I'm currently trying to create a simple procedural terrain system that I will later be able to expand and improve. So far I've created a quadtree-based system of cells which will divide based on camera proximity. When enough recursive division has occured, each cell is put into a queue and used to generate vertices for a dynamic buffer. I'm happy with my plane-generating system, but at the moment all it does is generate a flat plane with appropriate subdivision.

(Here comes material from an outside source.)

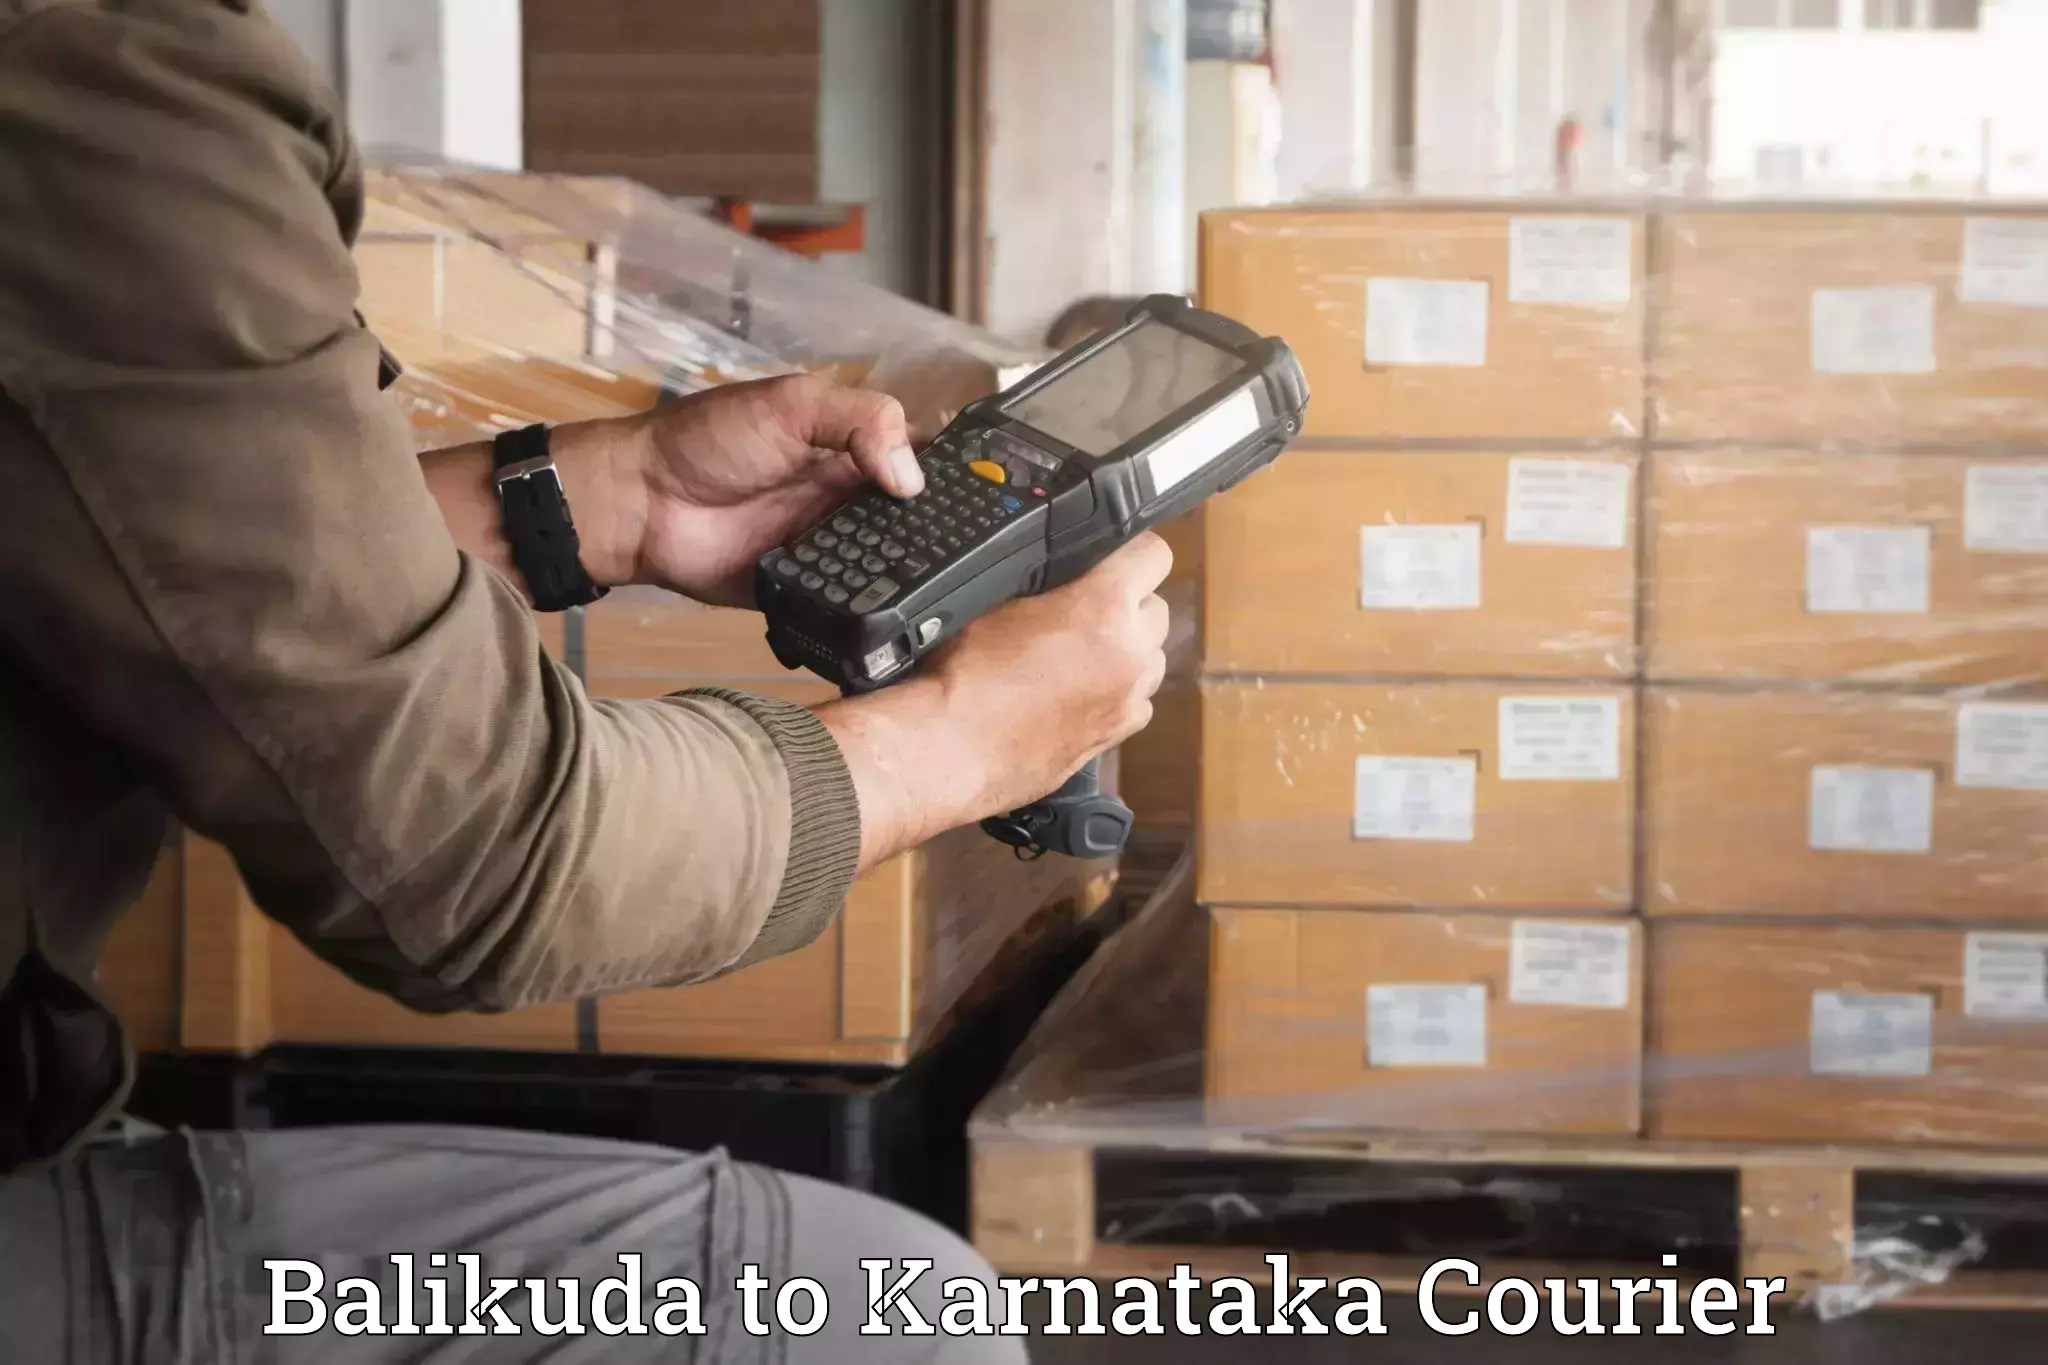 Efficient packing services Balikuda to Kalaghatgi
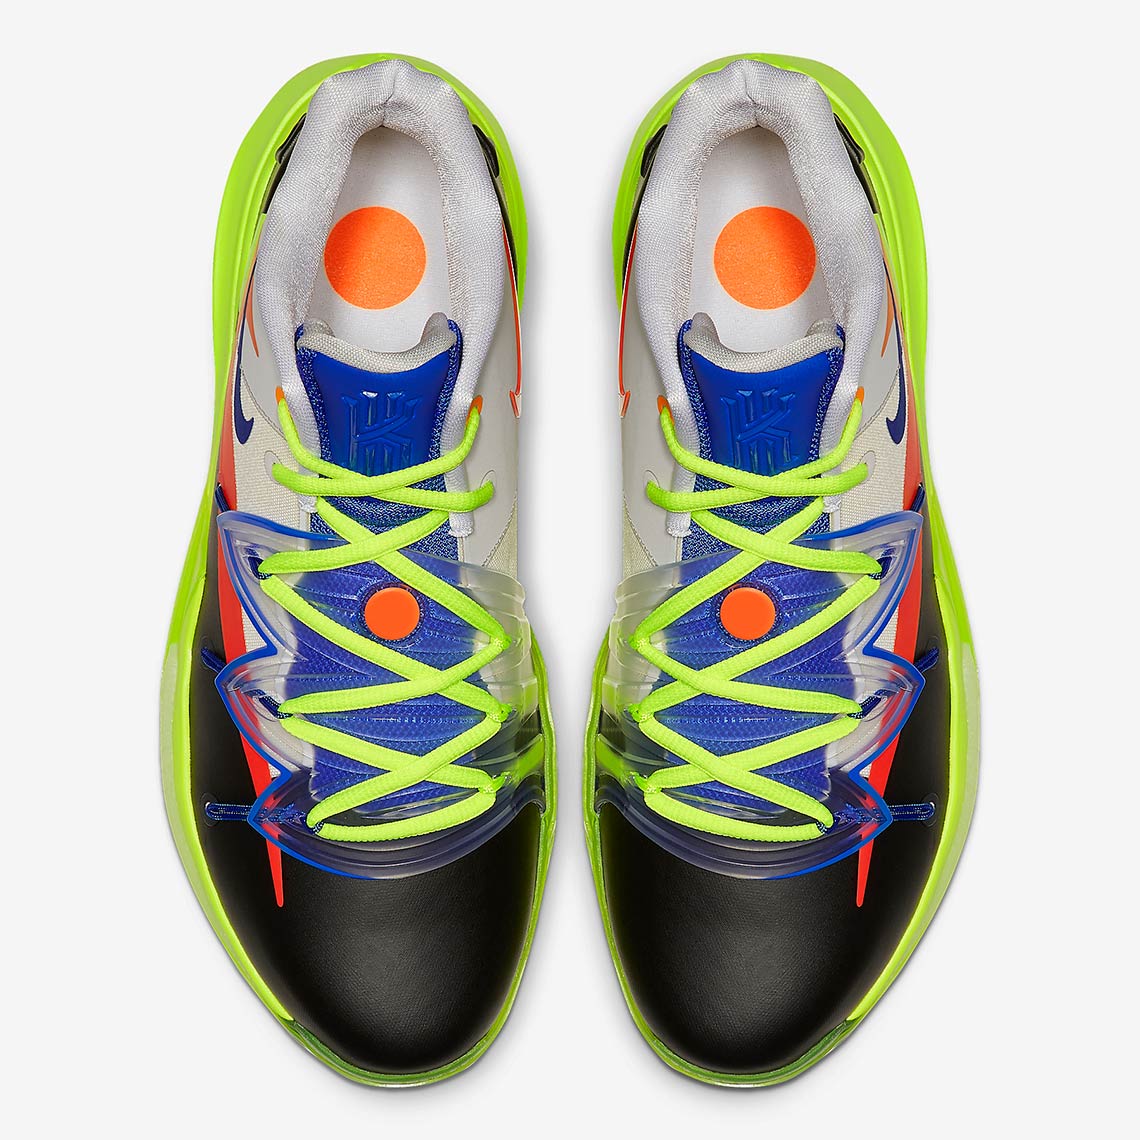 ROKIT Nike Kyrie 5 CJ7899-900 Release Date | SneakerFiles

When each vertex is generated, I want to determine its height using a noise function. I'm familiar with using octaves of noise along with interpolation and 1d and 2d PRNG functions to produce perlin-style noise, but the functions I've used in the past won't quite meet my needs here. I want to have a noise function that will produce the same pseudo-random output for a given pair of x-y coordinates, but I also want to be able to set a 'seed' value that will let me generate more than one terrain output as a result.

I'm thinking that the simplest way to do this would be to use a 1D noise function like this one I've used before:
float hash_noise_1d(int input)
{
input = (input << 13)^input;
float r = 1 - ((input*(input*input*15731 + 789221) + 1376312589) & 0x7fffffff)/float(1073741824);
return (r + 1)/2;
}

...and to find a way of collapsing the x coordinate, the y coordinate and the seed down into a single integer value for input. This way, I would always get the same result for a given set of x-y coordinates combined with a given seed. So my question is: does anyone have a clever way to combine two (integer) coordinates along with an integer seed? I'm thinking that clever use of some bitwise operators would do the trick.

Thanks for your input :)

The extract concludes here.